Details
- Reviewers
epriestley - Group Reviewers
Blessed Reviewers - Commits
- rPHUd8a63d8c2907: Add a `pregsprintf` function
Added unit tests.
Diff Detail
- Repository
- rPHU libphutil
- Lint
Lint Not Applicable - Unit
Tests Not Applicable
Event Timeline
Two suggestions:
First, I think it should also be impossible (or, at least, very difficult) to misuse, but currently relies on knowing that the delimiter is "@". I think we can make it stronger like this:
pregsprintf($pattern, $flags, $arg, $arg, ...);
So you call:
pregsprintf('^abc%sxyz%R$', 'siU', $string, $regexp);
...and it returns:
$pattern = xsprintf('xpsprintf_regex', $pattern, $args); return $delim.$pattern.$delim.$flags;
Then, the caller doesn't have to know that "@" is magical (but see below for selection of a delimiter).

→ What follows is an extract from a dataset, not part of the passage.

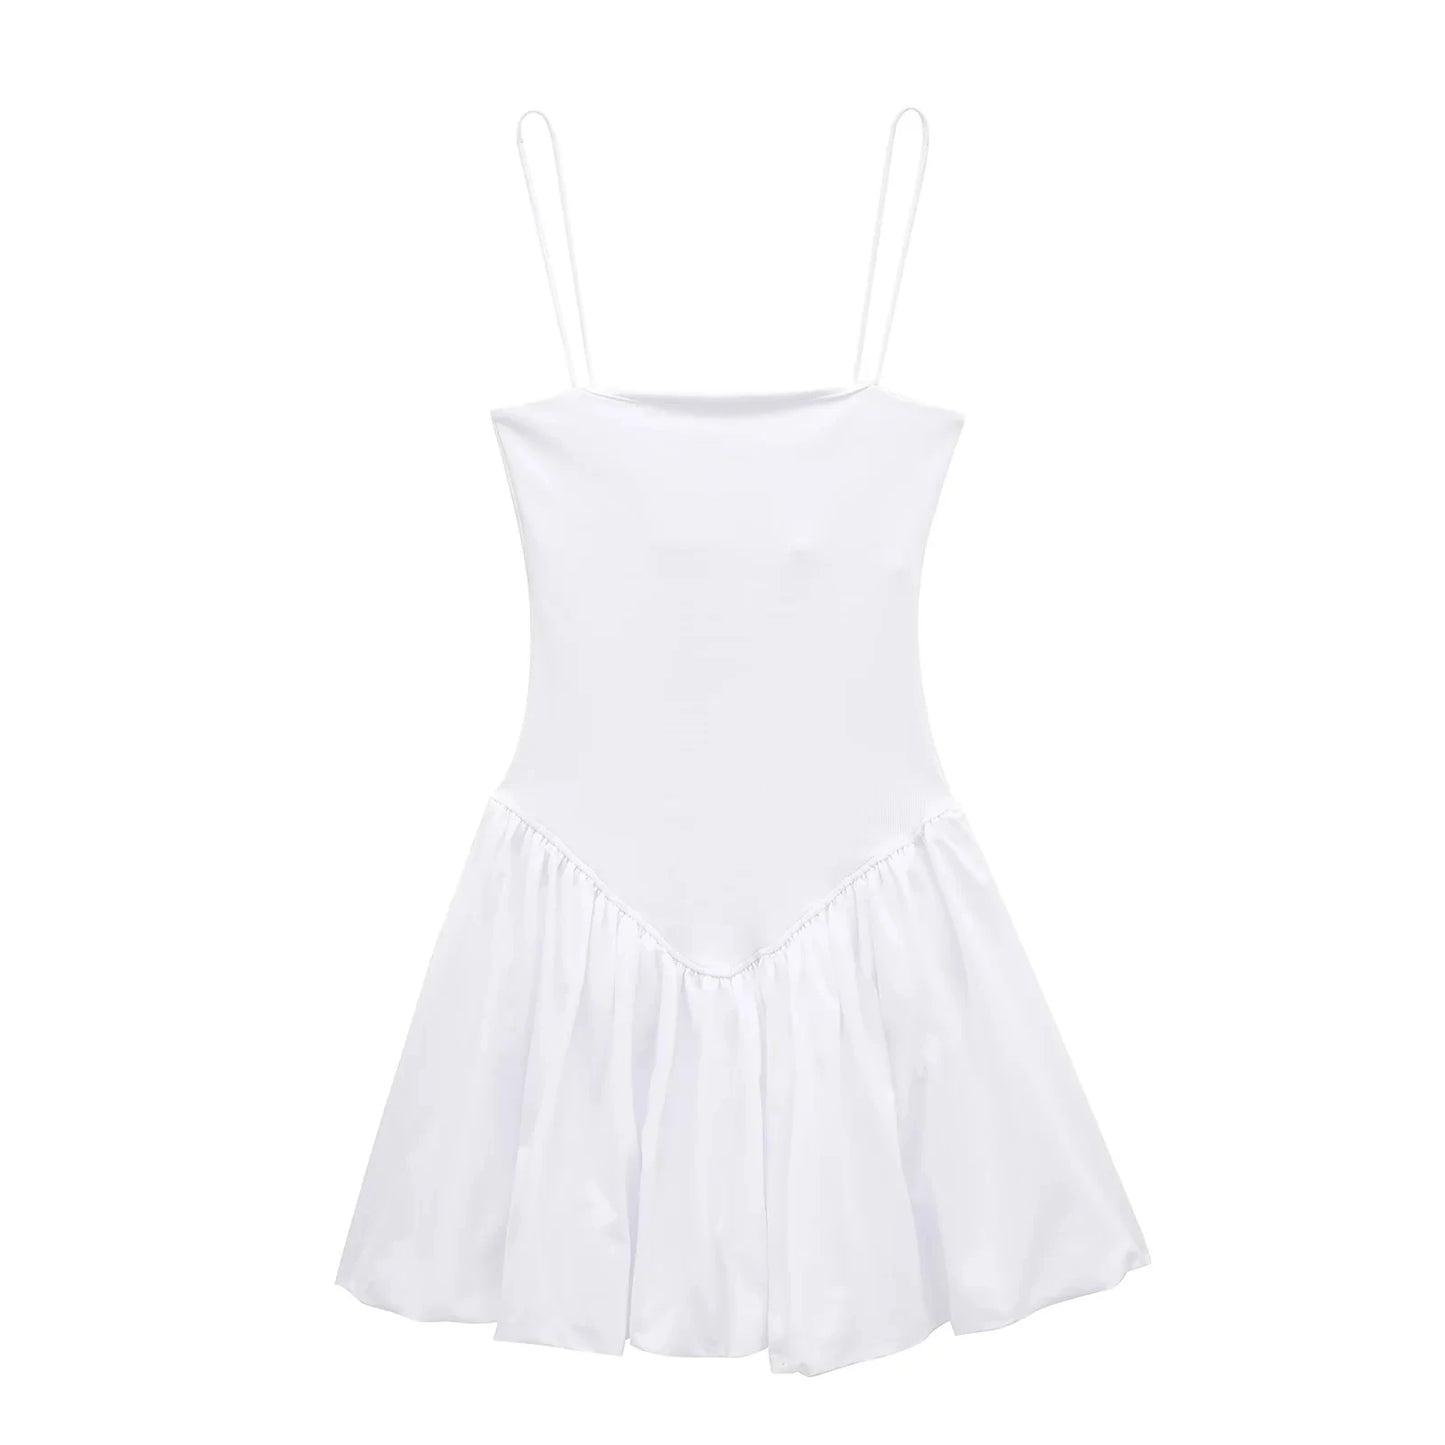 Mini Dresses- Women's Fit & Flare Little Black Dress for Summer- white- Chuzko Women Clothing

Second, I expect to get the wrong result for this, as written:
pregsprintf('%R', "\@");
That will be escaped into \\@, I think, which will terminate the pattern and break the regexp, somewhat-plausibly in a dangerous way.
Broadly, there are two possible levels of bad input here:
- patterns which are well-intentioned but badly constructed;
- patterns which are maliciously constructed and trying to use the e flag to run code.
As written, this is probably fine against the first class of input (where failure just produces bugs), but possibly not against the second class of input (where failure might be a security vulnerability). It would be nice to protect against even malicious inputs.
One possible approach for that which doesn't require a lot of logic is:
- Use chr(7) as a delimiter (this is a valid delimiter).
- If the subpattern contains chr(7), throw ("BEL must be escaped as \a").
(I chose BEL just because it's very unlikely to appear unescaped in any subpattern -- even in a character set range -- and has a convenient escape. Although maybe some other control character is a better choice since BEL might make using tail on error logs a bit of a mess.)
This is cheating, but should be safe, and this seems like a very small correctness price to pay for safety. Or, put another way, making the method 100% correct and 100% safe is desirable but hard (you have to deal with a lot of escaping stuff). Cheating with BEL makes it 99.99% correct and 100% safe. That's satisfactory to me until we hit some case where we care about 100% correctness.
The same rules also need to be applied to the $pattern template before it is printed. If we cheat with BEL, this is pretty easy.
Technically, even with all that, this does the wrong thing still, I think:
pregsprintf('\\%s', '@');
This is theoretically an issue in all xsprintf() calls though, and continuing to trust the pattern not to do this seems reasonable for now. It would be nice to actively prevent this eventually, though.